I can't understand usage of chi square test, can you explain few moments ?
1. In all chi square descriptions: chi square test reject H0 hypothesys if result X^2 value more then critical, in other words this mean that difference between observed result and expected distribution is very great. But in you description you check X^2 > critial, why?
2. You receive very great numbers in test and these values is very depends on count of phrases in corpus: sample n1=5, n2=5, n12=1: for N=1000000 give X^2 ~ 39998, for N = 1000 give ~ 38, how interpret this results?
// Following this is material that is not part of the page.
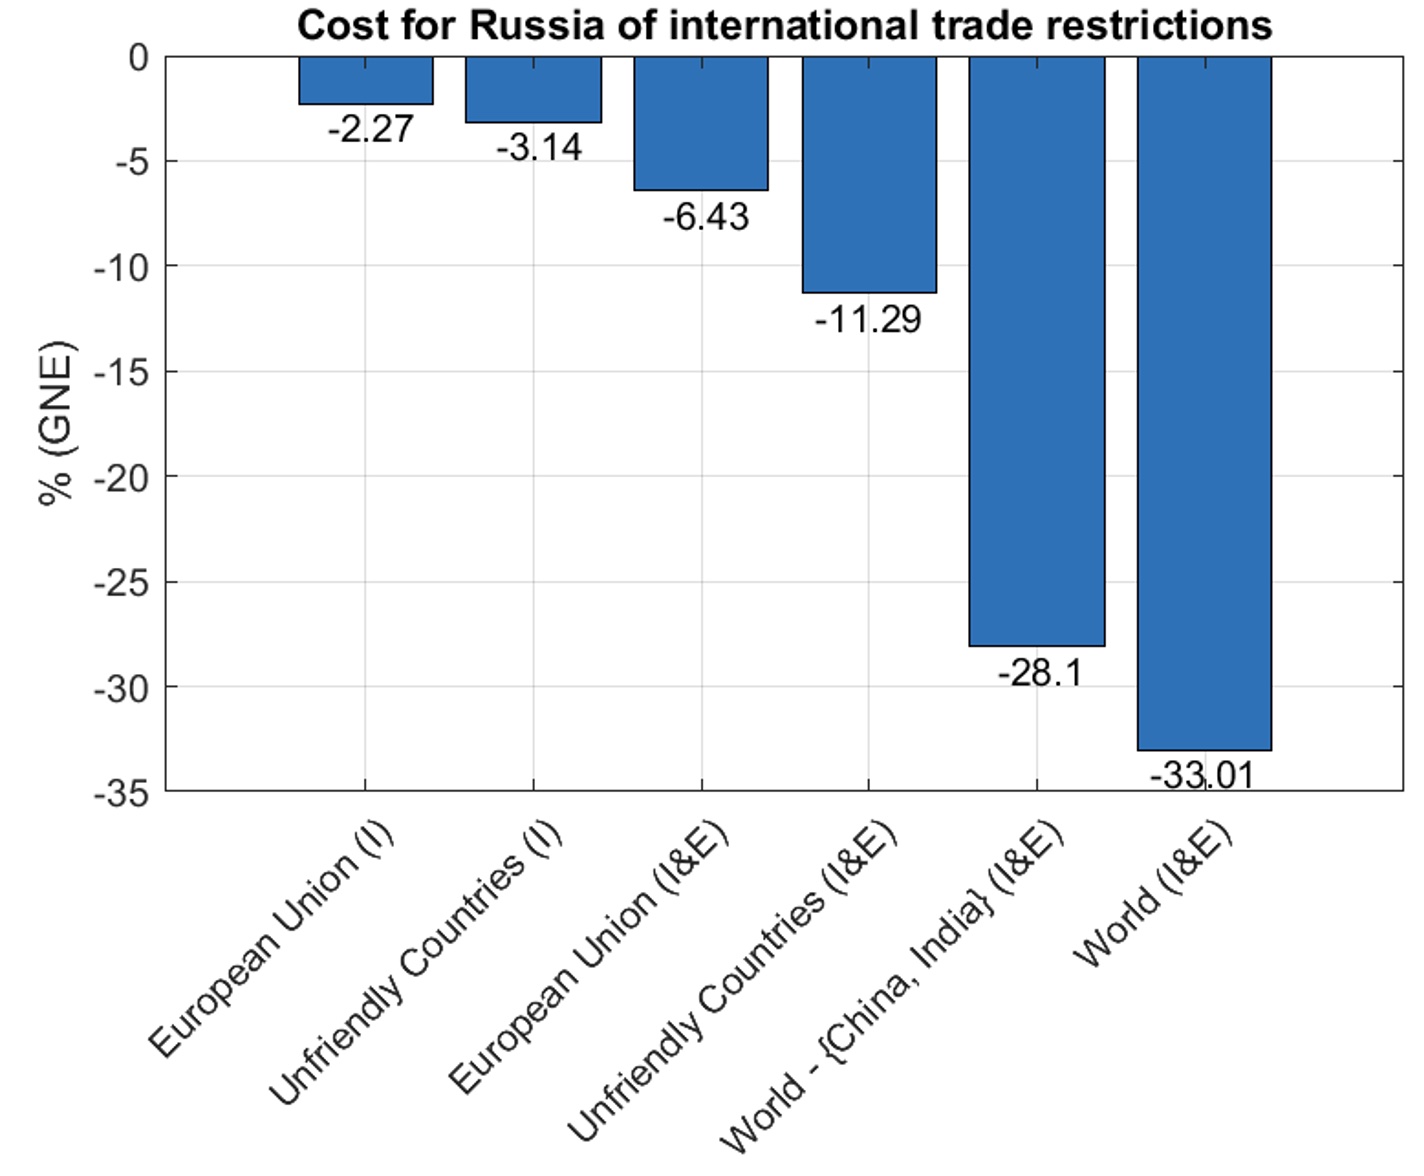 The economic cost of trade restrictions on Russia 2

I think that dependency on N isn't correct.

Sujit Pal said...

Answers to your questions, to the best of my (perhaps limited) understanding...

1. In our case H0 = words (w1,w2) are independent. So to determine if (w1,w2) are likely to be together in a phrase, we want to know if they are dependent, ie, we have to disprove H0. Hence the rejection test.
2. I think the dependency on N (total number of words in text being analyzed) is correct. So the larger the value of N, the higher must be the value of n12 for H0 to be rejected.

The algorithm is not mine (in the post I have a link to a page which shows its use in an engineering context), so chances of it being wrong is low :-).

Srijith said...

Hi..Sujit..Great piece of code..
I have developed a program to create Bigrams using the Likelihood ratio.How can i specify a particular threshold or how can i determine the most appropriate bigrams for my process??

Sujit Pal said...

Thanks Srijith. I don't know of any way other than to eyeball the results and select a cutoff. While this involves a manual step, its less work than finding the bigrams manually. There may be other better ways though.